American actress (1901–1977)

Gloria Foy (October 25, 1901 - February 27, 1977) was an American dancer, singer, vaudeville performer, and star of musical revues. Her family were theatrical people. Her father was Harry Foy, but she was no relation to the more famous Eddie Foy.

==Theater dancer==
Foy came to prominence in the John Murray Anderson Revue in March 1920, aged 18. She once claimed she gained an inch of height simply by dancing during performances of Up She Goes (1922). Her instructor explained that this happened because muscles stretch during vigorous dancing. By June 1923 she was dancing two hours per night during performances, appearing in two matinée shows per week, and also practising two hours daily. Another hour of her day was devoted to a dancing lesson. She obtained the role of "Sally" in Up She Goes when Marilyn Miller wed Jack Pickford and fell out with Florenz Ziegfeld.

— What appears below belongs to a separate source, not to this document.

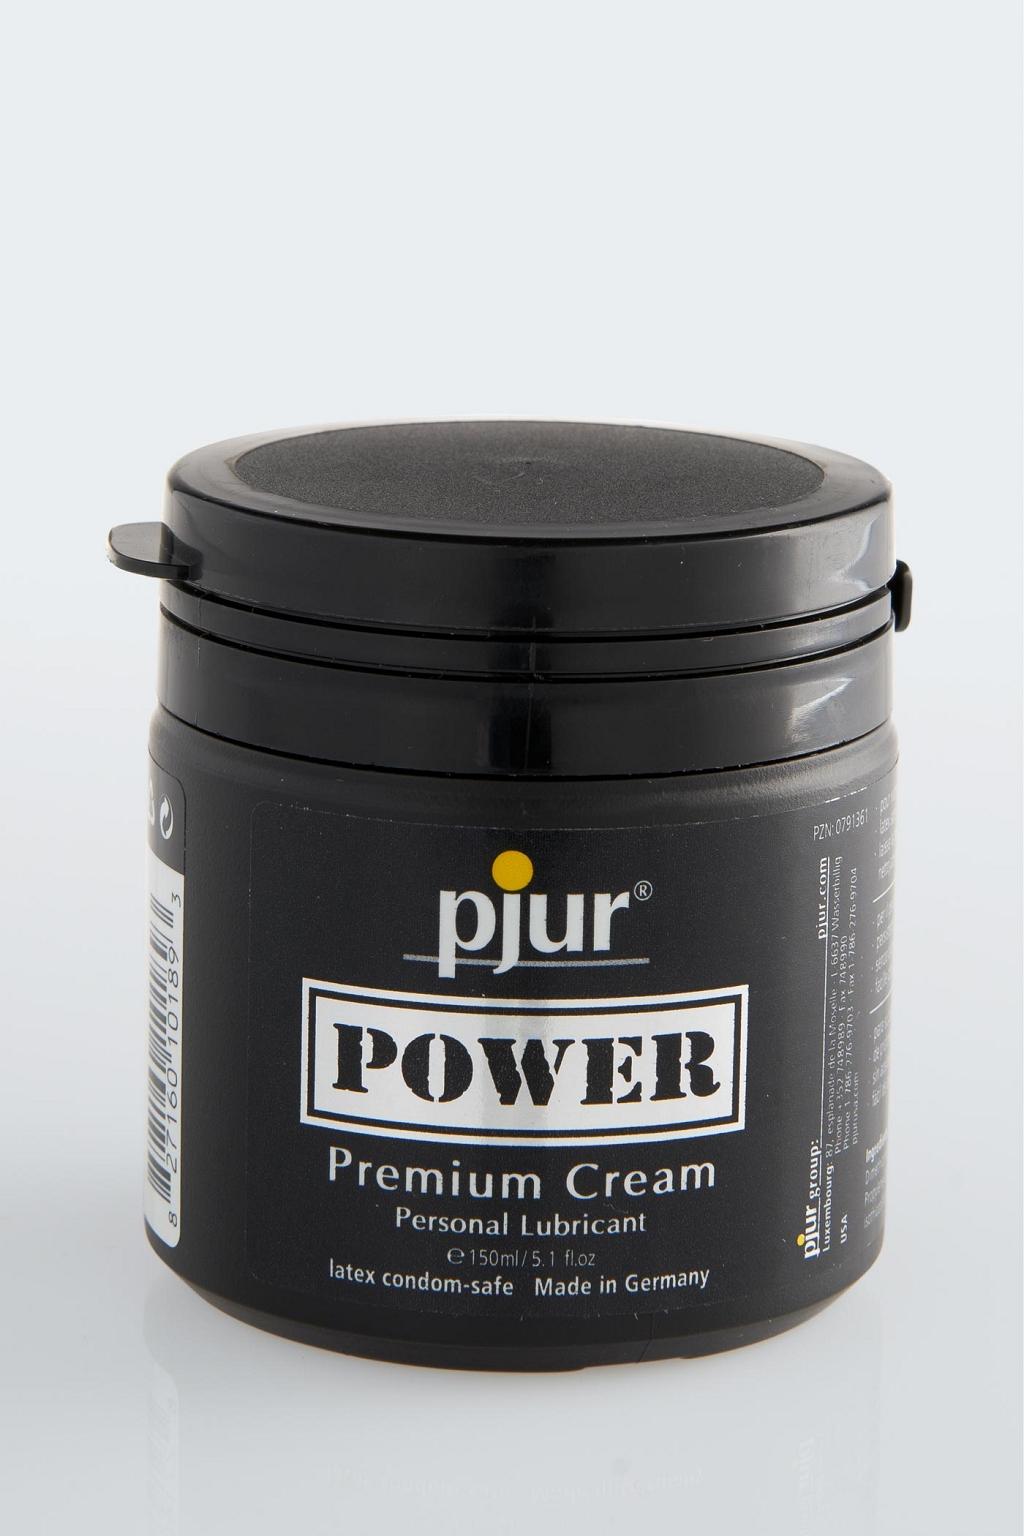 Premium Crème Power Ml Pjur 500-83227
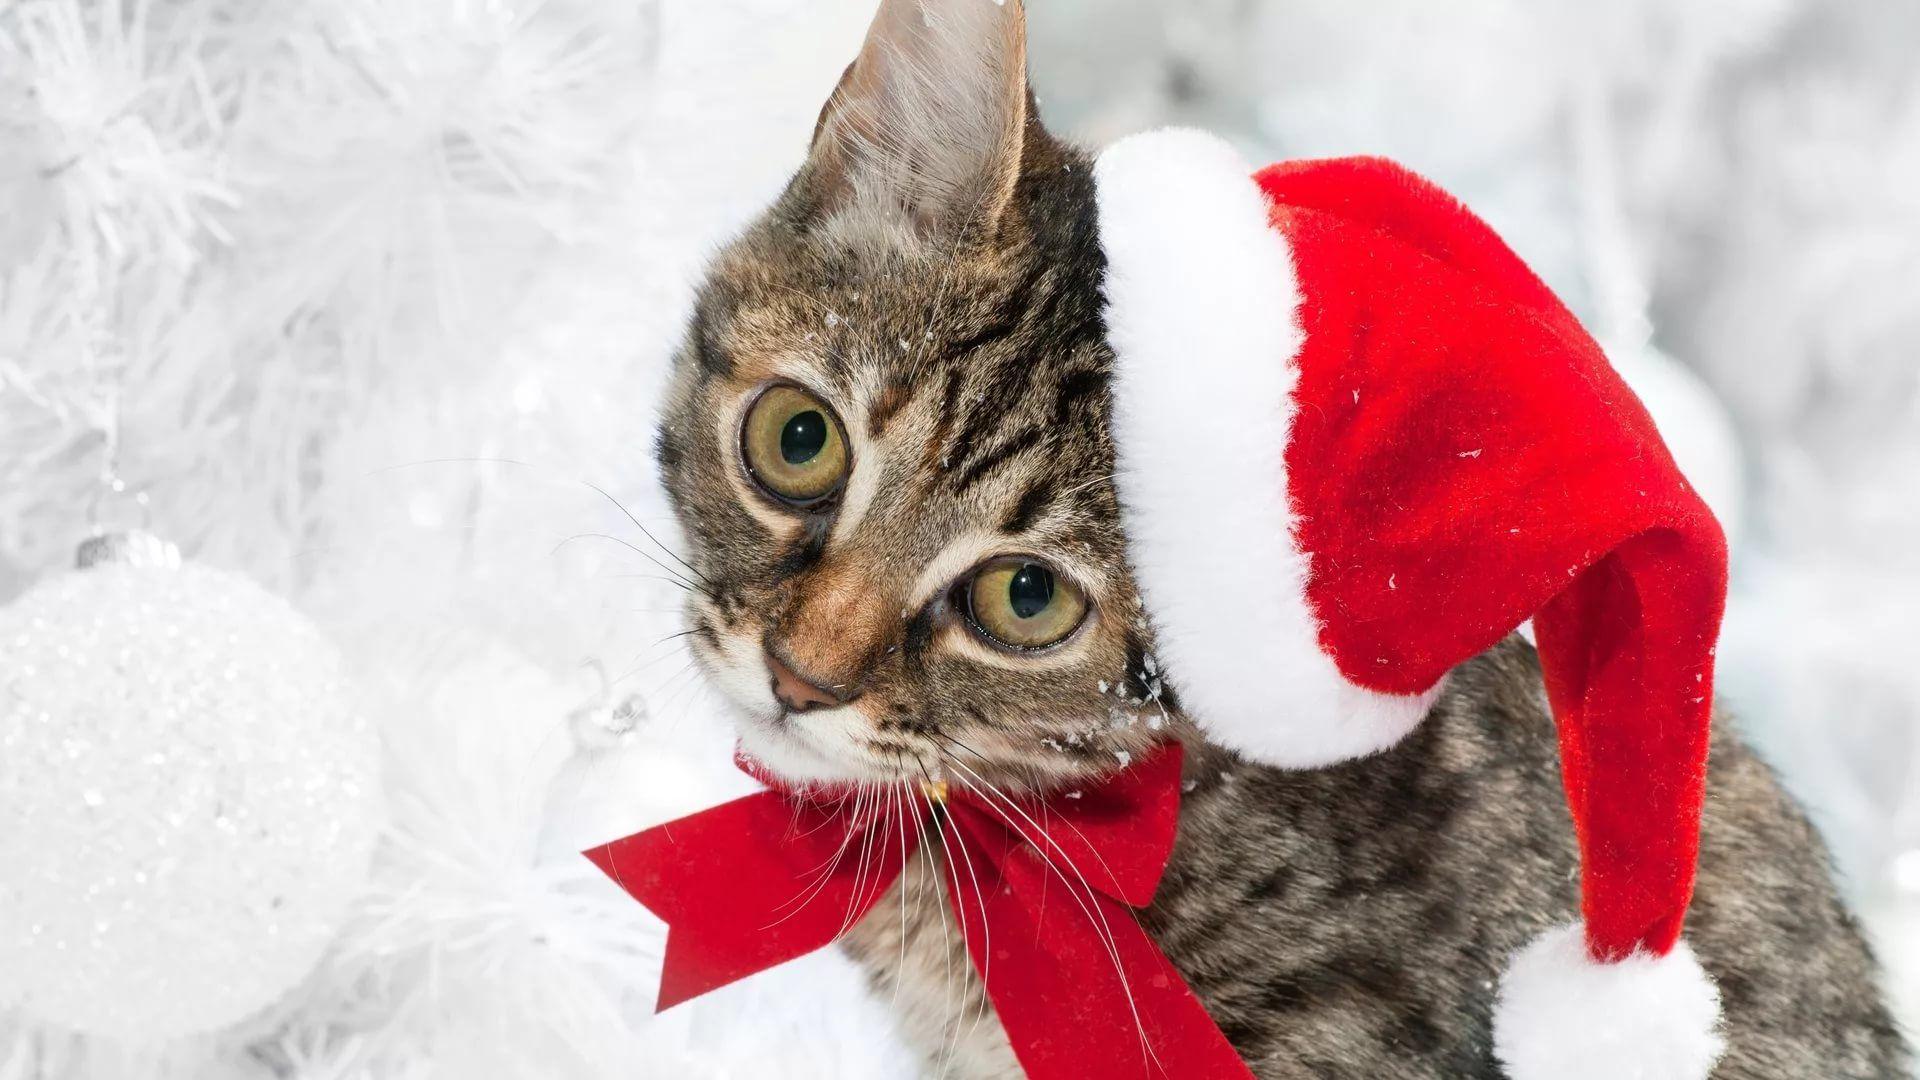 Christmas Cat 1080p Wallpaper

In November 1924, she played the title character in Betty Lee, a musical comedy which had an all-star cast. Lou Holt and Foy were the principal players in Patsy which debuted at the Mason Operahouse in Los Angeles, California on March 8, 1926. 100 showgirls participated in the production which was conceived and produced in southern California. Among the song divertissements was a rendition of Tiger Eyes which showcased Foy and five dancers. Patsy concluded its Los Angeles run in mid-May and was put on the road to San Francisco, California and then other American cities.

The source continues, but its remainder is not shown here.